He feels threatened and yes... as another poster said, he is only trying to intimidate you. He can't do squat for slander because he sold you something and lied about what he was selling (fraud.) He doesnt' have a leg to stand on and by being nasty he is hoping to scare you off. This guy is a "fear biter" lol 

Small claims court and like another person suggested, find out if he has a kennel license. Any more than 3 dogs (some areas 4) require one. If he doesn't have it... he's in trouble.


----------



## Bender (Dec 30, 2008)

I don't think it's slander if you're totally honest about your experience. You bought a golden puppy and it turned out to be a doodle. Sounds like this breeder doesn't have enough control over his dogs to make sure they're not bred by whoever, and he's not honest enough to maybe keep the pups for a bit longer to be sure what they are before selling - if he knew a dog jumped the fence....

Lana


----------



## gold'nchocolate (May 31, 2005)

I don't have anything to add to all of the good advice that you've received but I do want to say that Noel is adorable!!!!!!!!!!


----------



## lea Noel (Jan 14, 2009)

Thank you everyone, I am looking at all my options, and of course I am being totally honest, in my account. I too don't think he would have a leg to stand on. you can't be sued for telling the truth. 

I told him I would be telling my story. And I will. I just need to careful and smart about it. I live in the same small town as this guy, so its not as though I may never run into him, or whatever. I have now discovered that others who have had issues with him endured countless harrassing phone calls, and nasty emails. Some ended up contacting the police. 

I have 4 children in my home, and do not want this to turn nasty, and involve them in the drama in anyway. 

I agree this guy needs to be stopped, but I also have to think about how we go about it. Make sure all the T 's are crossed and the I's dotted ya know.....

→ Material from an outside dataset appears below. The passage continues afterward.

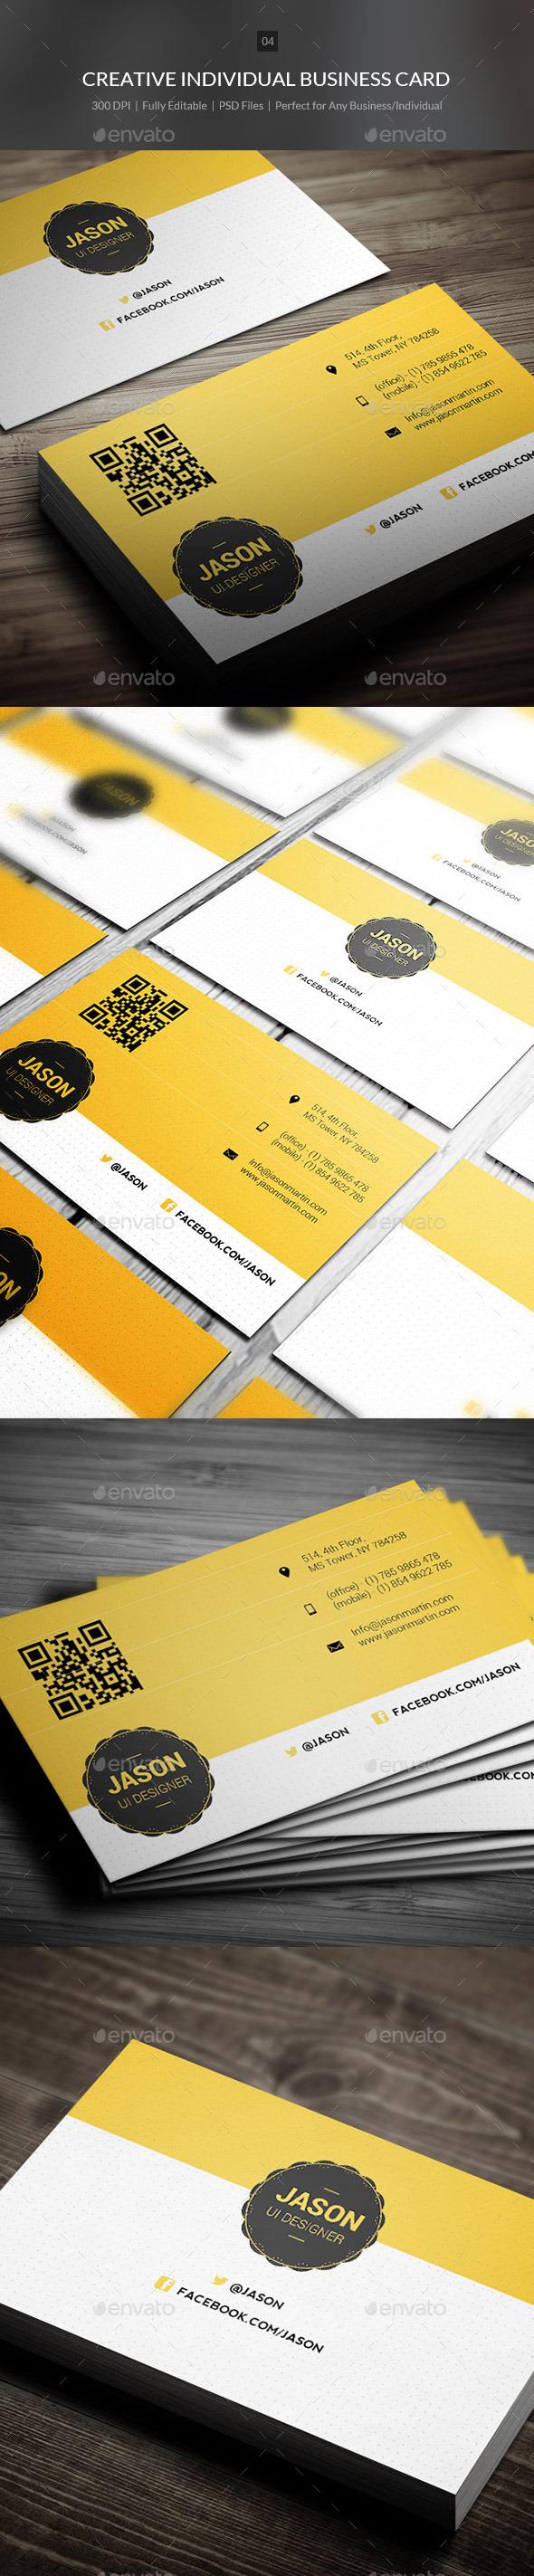 GraphicRiver Crearive Individual Business Card 04 10315311

I really appreciate all the support! 

You guys are great!


----------



## 3 goldens (Sep 30, 2005)

*You know, you buy a car and it turns out to be a lemon, the company says you can get a different car, that is fine, that is great. No problem, good riddance to a piece of junk But in the case of a dog (not a lemon of course, just not what you paid for, were promisd) you love him/her and unlike a car or piece of furniture that is faulty, you can't just say "good riddance". Your heart does not work that way. *

*That guy needs to be stopped. How man others has he defrauded and got by with becuse he scared them into keeping quiet? How many more will ha the same thing happen to them.*

*If p[eople work together things can be corrcted. When PorHeart6 killed my Hunter, I was all over the web telling his story. I had a tee shirt made up with his picture on the frotn and over the picture HE GOT PROHEART6 and under the picture AND HE DIED. On the back i had the picture of Bandit the border collie that died in wisconsin the same day as my Hunter died here in Texas with the same words (I got his owners whoe hearted approval to do so) and I wore it when i went to PetSart, to Wlamart, to any area where there was crowd and i dre lots of attention. I had made up lfyers with information about his death and a coupl of web sites dedicataed to dogs that were killed or had severe reactions to it. I handed them to any who asked. Hubby took some with him on the road and with permission put them in truck stops (many drivers hae dogs with them), terminals, etc.*

*Many of us were going all over the web and we were finding each other and we banded together and we stayed in touch with the FDA, and when new folks reported to us they had their lost dog after ProHeart6 to AIHA, liver damge, etc, we encouraged them to make a report to the FDA. One thing I did as did a fe others was never say "i my opinion, Proheart6 caused the death of y dog", we flat out said it becaue we knew. Many were worried that the maker would sue them and would say "in my oinion......". But the thing is, the story of the deaths got taken up by TV stations al around the counry and stories were aired. And the FDA had them pul it because f all the reactions and deaths. It was pulled 10 months afte Hunter's death. It was allowed to return last summer, after being gone for almost 4 years, and being reformulated, but it has so many warnings on the label I don't see how it can possiblly be used by many---if they know all about it. *

*I hope you that were taken by this guy can get him tken care of!*


----------



## kirst1 (May 30, 2008)

You have recieved very good advice, and I must say that Noel is a beatiful little puppy. And if she is a Labradoodle, these too are lovely dogs. Either way, she is a little stunner.


----------



## LilysMom (Oct 21, 2008)

lea Noel said:


> Here are pics of her today at about 3 and half months, sure looks Doodle to me! But hey, she is our Doodle now, and we love her. I was so against Doodles, so maybe she was meant to find us, and give her a loving home so she could teach us Doodle acceptance?!?!? He he he
> 
> Not sure I know how to do this right, so sorry if they are huge or tiny....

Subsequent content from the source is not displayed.